■ **Records for processing**:

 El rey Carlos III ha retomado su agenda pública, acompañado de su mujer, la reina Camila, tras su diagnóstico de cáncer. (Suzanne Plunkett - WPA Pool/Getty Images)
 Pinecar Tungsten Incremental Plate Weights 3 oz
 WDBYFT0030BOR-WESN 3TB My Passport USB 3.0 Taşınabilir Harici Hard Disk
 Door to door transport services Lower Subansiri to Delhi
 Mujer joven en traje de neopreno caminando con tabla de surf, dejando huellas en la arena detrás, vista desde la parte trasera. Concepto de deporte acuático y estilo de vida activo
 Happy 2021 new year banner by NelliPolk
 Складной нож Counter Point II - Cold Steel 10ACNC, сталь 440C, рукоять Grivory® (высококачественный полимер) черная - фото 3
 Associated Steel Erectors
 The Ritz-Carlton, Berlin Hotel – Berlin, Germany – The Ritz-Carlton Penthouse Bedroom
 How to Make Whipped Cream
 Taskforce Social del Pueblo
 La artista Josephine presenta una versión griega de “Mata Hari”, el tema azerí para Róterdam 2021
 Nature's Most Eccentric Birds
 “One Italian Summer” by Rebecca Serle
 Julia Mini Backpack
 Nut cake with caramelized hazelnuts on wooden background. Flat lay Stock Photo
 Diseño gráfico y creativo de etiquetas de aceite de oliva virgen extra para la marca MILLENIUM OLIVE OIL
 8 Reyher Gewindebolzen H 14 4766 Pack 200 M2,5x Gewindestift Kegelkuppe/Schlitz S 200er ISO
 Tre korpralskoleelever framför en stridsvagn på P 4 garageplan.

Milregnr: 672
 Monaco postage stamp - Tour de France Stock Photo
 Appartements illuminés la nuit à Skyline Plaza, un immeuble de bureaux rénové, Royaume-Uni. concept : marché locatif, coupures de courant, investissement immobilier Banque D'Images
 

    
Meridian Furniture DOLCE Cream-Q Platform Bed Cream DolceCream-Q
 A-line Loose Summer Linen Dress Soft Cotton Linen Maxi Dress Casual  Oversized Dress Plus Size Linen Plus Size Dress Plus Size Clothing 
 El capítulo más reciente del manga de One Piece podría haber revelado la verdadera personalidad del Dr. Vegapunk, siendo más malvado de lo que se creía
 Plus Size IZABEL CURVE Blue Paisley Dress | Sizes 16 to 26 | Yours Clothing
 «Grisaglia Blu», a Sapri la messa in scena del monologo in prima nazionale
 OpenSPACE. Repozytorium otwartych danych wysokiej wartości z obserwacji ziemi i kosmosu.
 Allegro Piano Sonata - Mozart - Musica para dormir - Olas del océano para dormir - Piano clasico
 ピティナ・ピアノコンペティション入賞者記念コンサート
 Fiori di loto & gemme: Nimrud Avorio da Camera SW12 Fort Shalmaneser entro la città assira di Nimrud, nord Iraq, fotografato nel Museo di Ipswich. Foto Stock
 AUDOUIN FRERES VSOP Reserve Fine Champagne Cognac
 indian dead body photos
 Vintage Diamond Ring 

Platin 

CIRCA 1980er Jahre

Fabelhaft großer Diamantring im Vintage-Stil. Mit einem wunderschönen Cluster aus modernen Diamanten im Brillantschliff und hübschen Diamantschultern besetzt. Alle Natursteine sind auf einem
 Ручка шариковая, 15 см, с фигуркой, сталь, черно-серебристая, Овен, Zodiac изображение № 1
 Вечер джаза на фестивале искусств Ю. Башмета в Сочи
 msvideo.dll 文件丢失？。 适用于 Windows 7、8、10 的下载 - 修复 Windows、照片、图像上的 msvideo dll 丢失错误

■ **What to do**: Would you please transcribe the lines above exactly, starting with the first line of the material and ending with the line that has "in prima nazionale"?

■ **Response**:
 El rey Carlos III ha retomado su agenda pública, acompañado de su mujer, la reina Camila, tras su diagnóstico de cáncer. (Suzanne Plunkett - WPA Pool/Getty Images)
 Pinecar Tungsten Incremental Plate Weights 3 oz
 WDBYFT0030BOR-WESN 3TB My Passport USB 3.0 Taşınabilir Harici Hard Disk
 Door to door transport services Lower Subansiri to Delhi
 Mujer joven en traje de neopreno caminando con tabla de surf, dejando huellas en la arena detrás, vista desde la parte trasera. Concepto de deporte acuático y estilo de vida activo
 Happy 2021 new year banner by NelliPolk
 Складной нож Counter Point II - Cold Steel 10ACNC, сталь 440C, рукоять Grivory® (высококачественный полимер) черная - фото 3
 Associated Steel Erectors
 The Ritz-Carlton, Berlin Hotel – Berlin, Germany – The Ritz-Carlton Penthouse Bedroom
 How to Make Whipped Cream
 Taskforce Social del Pueblo
 La artista Josephine presenta una versión griega de “Mata Hari”, el tema azerí para Róterdam 2021
 Nature's Most Eccentric Birds
 “One Italian Summer” by Rebecca Serle
 Julia Mini Backpack
 Nut cake with caramelized hazelnuts on wooden background. Flat lay Stock Photo
 Diseño gráfico y creativo de etiquetas de aceite de oliva virgen extra para la marca MILLENIUM OLIVE OIL
 8 Reyher Gewindebolzen H 14 4766 Pack 200 M2,5x Gewindestift Kegelkuppe/Schlitz S 200er ISO
 Tre korpralskoleelever framför en stridsvagn på P 4 garageplan.

Milregnr: 672
 Monaco postage stamp - Tour de France Stock Photo
 Appartements illuminés la nuit à Skyline Plaza, un immeuble de bureaux rénové, Royaume-Uni. concept : marché locatif, coupures de courant, investissement immobilier Banque D'Images
 

    
Meridian Furniture DOLCE Cream-Q Platform Bed Cream DolceCream-Q
 A-line Loose Summer Linen Dress Soft Cotton Linen Maxi Dress Casual  Oversized Dress Plus Size Linen Plus Size Dress Plus Size Clothing 
 El capítulo más reciente del manga de One Piece podría haber revelado la verdadera personalidad del Dr. Vegapunk, siendo más malvado de lo que se creía
 Plus Size IZABEL CURVE Blue Paisley Dress | Sizes 16 to 26 | Yours Clothing
 «Grisaglia Blu», a Sapri la messa in scena del monologo in prima nazionale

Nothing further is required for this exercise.